Aí você pergunta: mas se a arrecadação do IOF vai para a Receita, por que diabos os bancos cobram isso do cliente, quando poderiam utilizar a não-cobrança como argumento de venda? Não sou maldoso ao ponto de sugerir que, assim procedendo, os bancos aumentam o volume de suas carteiras e, com isso, recebem mais juros. Longe de mim! Particularmente, gostei da desculpa inventada por um ex-diretor de um banco, quando interpelado sobre o assunto: “o pessoal da informática está trabalhando para adequar o nosso sistema” (na verdade ele falou “a turma de IT”, pronunciando “ái-ti”, tal como se diz em países de língua inglesa). Muito prático! Terceirizar a culpa para o pessoal da informática já se tornou uma praxe no meio bancário. Mas considerando que a alíquota zero na portabilidade de crédito existe desde outubro de 2006, quando foi editada a Portaria nº 301 do Ministério da Fazenda, e que essa adaptação está longe de ser complicada, podemos convir que 4 anos é muito tempo.

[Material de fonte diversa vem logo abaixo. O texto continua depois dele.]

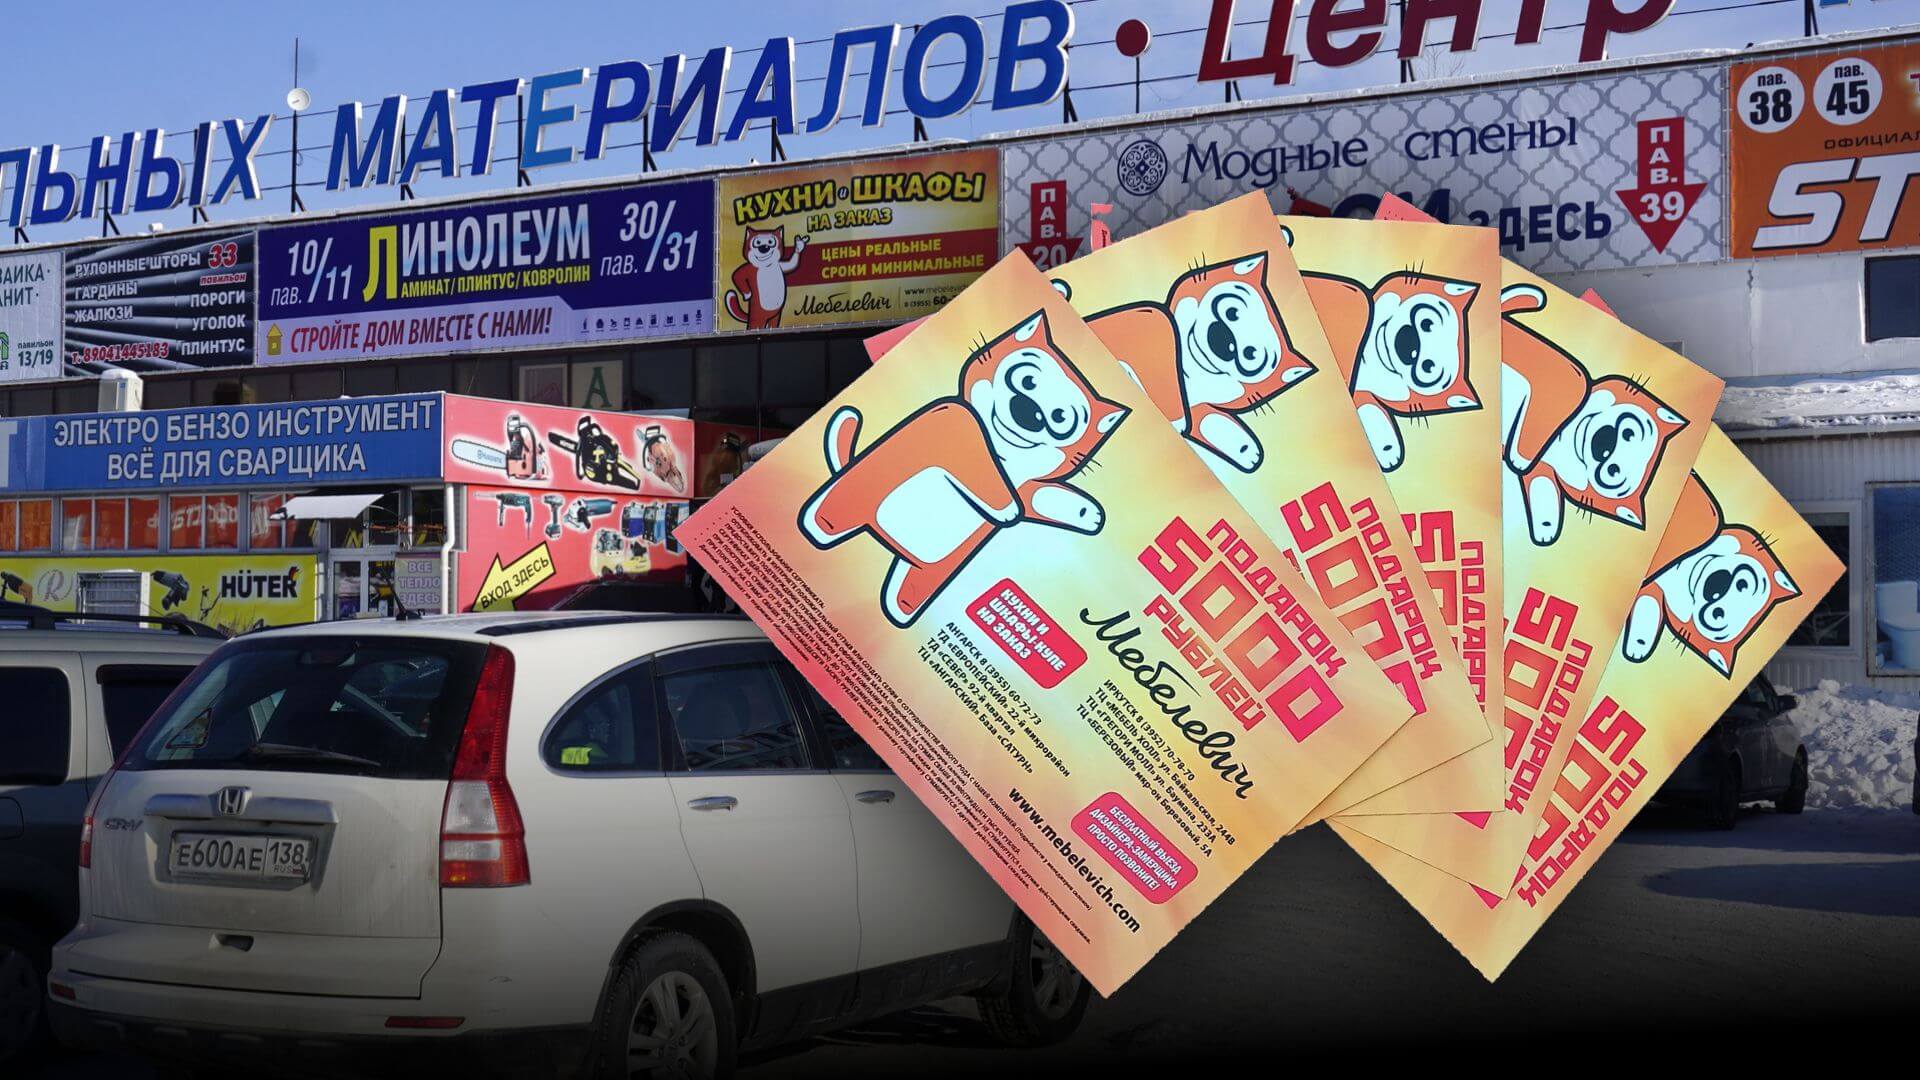 Подарочный сертификат спонсора розыгрыша «Мебелевич» на 5000 рублей

Outros foram ainda mais criativos (e pelo menos livraram a cara do pessoal da informática). Eu mesmo já vi muita gente de banco deitando falação sobre o assunto ao citar supostos formulários que seriam exigidos para que o cliente exercesse o sagrado direito à portabilidade de crédito, e sem os quais “a coisa não rolava”. Após pesquisar as normas do Banco Central do Brasil sobre o tema (Resoluções nº 3.401 e 3.516, Circular nº 3.336 e Cartas-Circulares nºs 3.295 e 3.349), não encontrei um mísero artigo que disciplinasse os tais formulários. Nem um paragrafozinho! Sequer uma nota de rodapé... Daí minha conclusão de que os ditos formulários são apenas uma engenhoca complicadora, fruto da mente criativa de algum bancário empedernido em reter o saldo devedor do cliente por mais tempo, talvez confundindo (propositalmente ou por ignorância) portabilidade de crédito com portabilidade de informações cadastrais. Mas não estou aqui para acusar ninguém. O certo é que quando o assunto é a cobrança do IOF, os bancos preferem ficar calados.


Eu, se fosse dono de banco, não teria dúvidas: chamava o pessoal da informática agora e mandava ajustar o sistema até o final do expediente. E de manhã bem cedo já estava oferecendo ao povo a portabilidade de crédito, com tudo que eles tivessem direito. E sem formulário.